It was a joy to hear Jenny talk about the girls she saw go from their first mountain bike ride to their first race. It was enlightening to learn that a growing number of Nepali women want to race and progress, yet they face the same obstacles that I’ve seen women MTBers in America run into—intimidatingly tight start intervals in enduro, lack of appropriate race categories, difficulty finding development program and other riders with similar goals and motivations. We chatted about several efforts addressing these challenges, from the growing number of women’s-only races to VIDA’s own Rider to Racer program. It was a short chat with Jenny but it felt great to celebrate, commiserate, and brainstorm ideas on how to grow women’s participation in mountain biking and other adventure sports.

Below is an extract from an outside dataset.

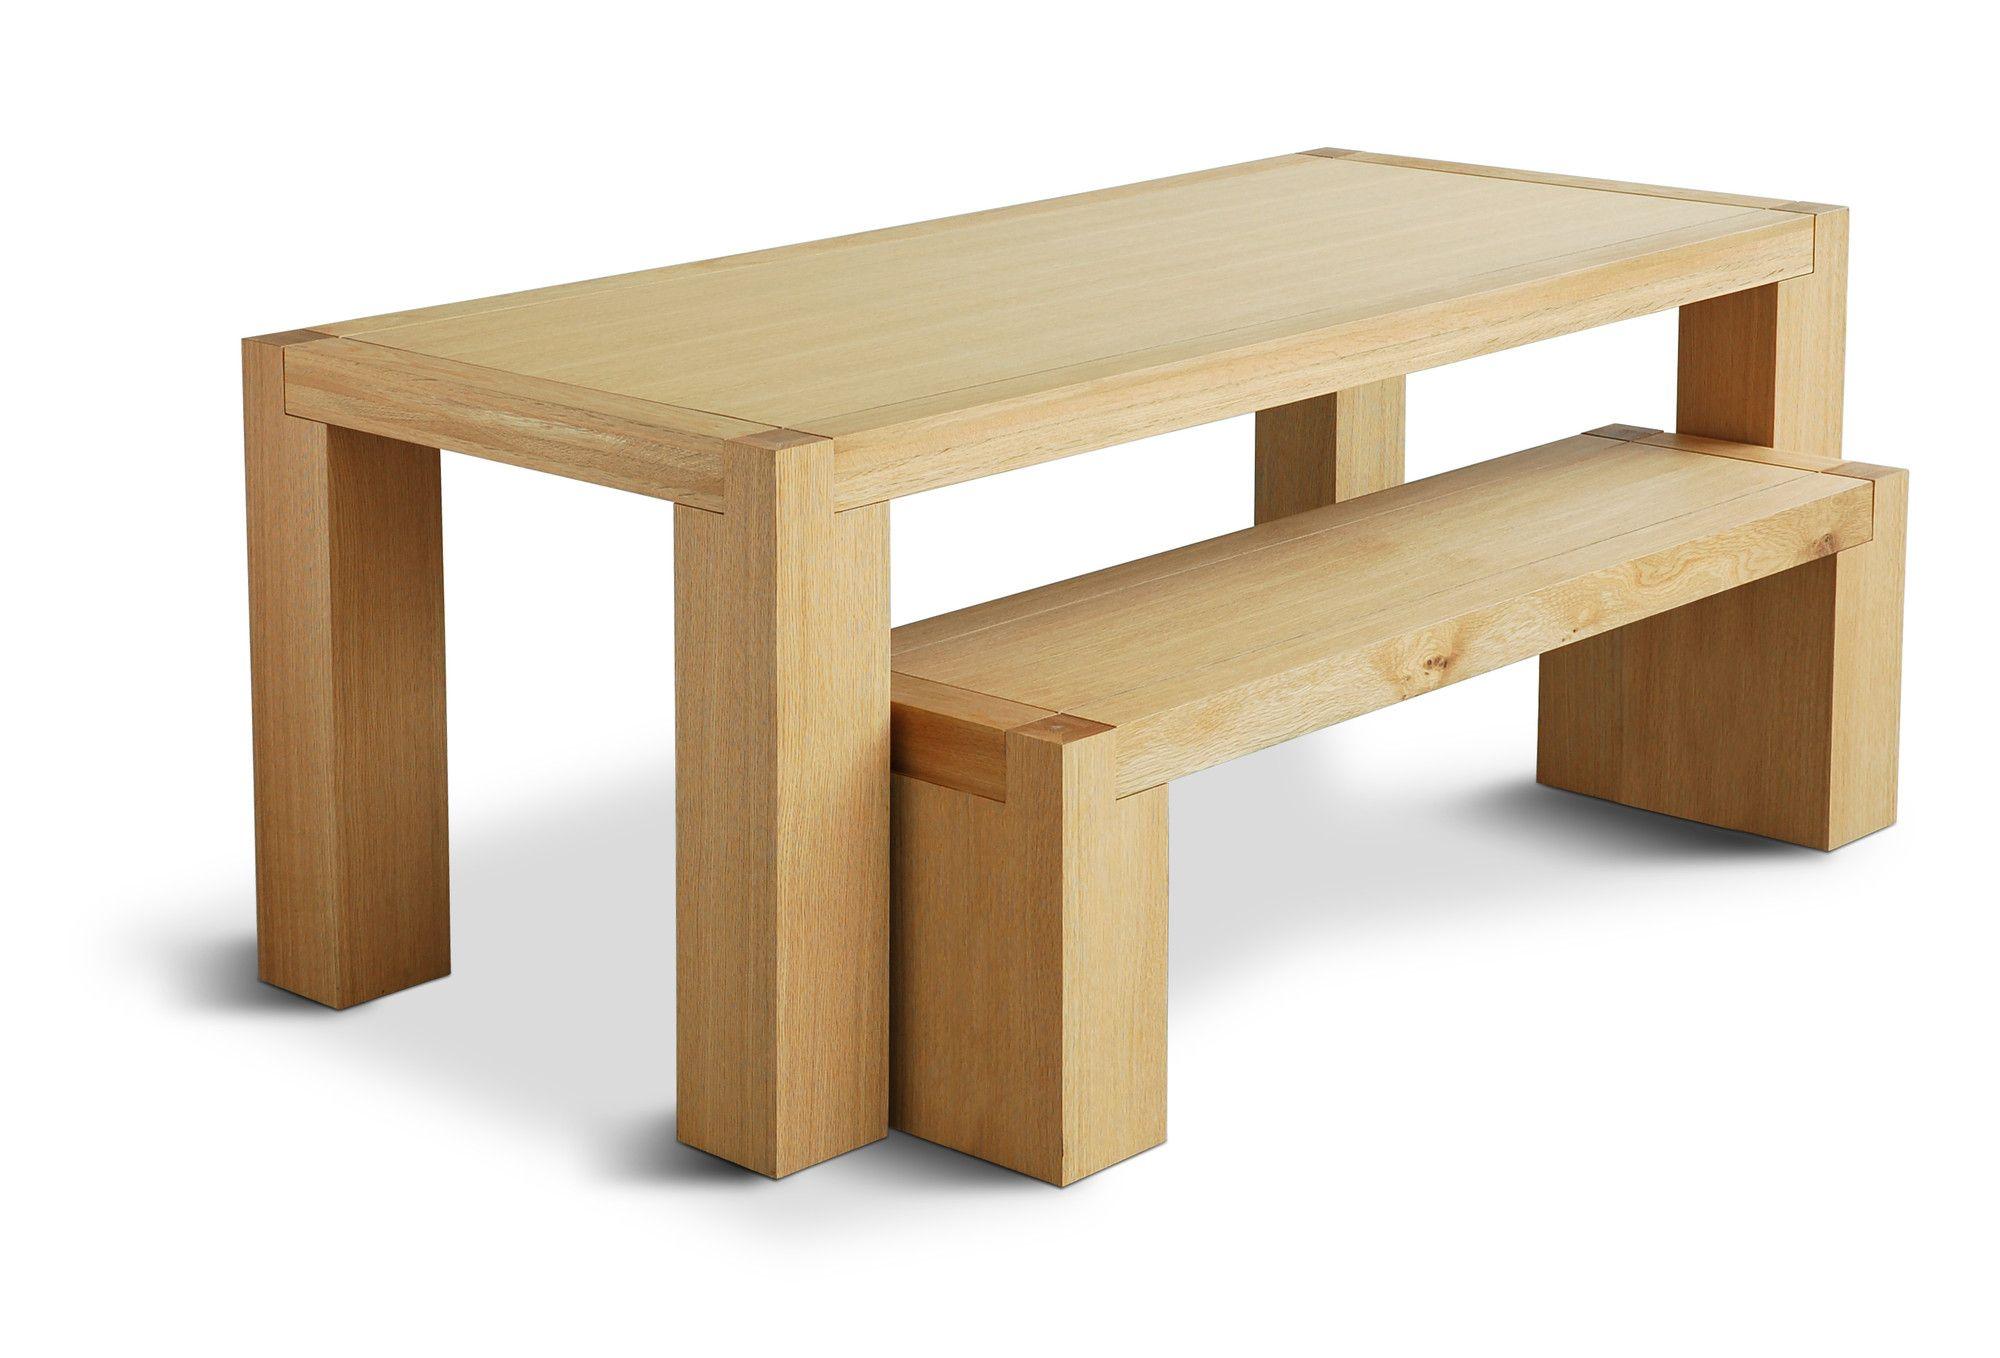 Gus modern chunk dining table

I learned a lot on this trip. I learned that Nepal is even more beautiful than any picture of it can impress. It’s breathtaking how it makes you feel small like no where else in the world. Just as inspirational to me as the Himalayan scenery is the small, vibrant group of local women mountain bikers working to grow the sport and community in their country. My experience with Himalayan Single Track taught me that despite differences in environment and culture, women all over the world face similar obstacles to their mountain biking progression. Luckily, they also share the same can-do spirit towards overcoming them. When riding somewhere new, it’s important to learn about and support local efforts to get more women on the trails so that this spirit can multiply and generate better, more sustainable solutions. Because ultimately, making mountain biking more accessible for women, no matter the location, means more women finding confidence and fulfilling their passions, resulting in a better world for everyone. It’s simple. Simpler than walking down tall, grassy steps at least.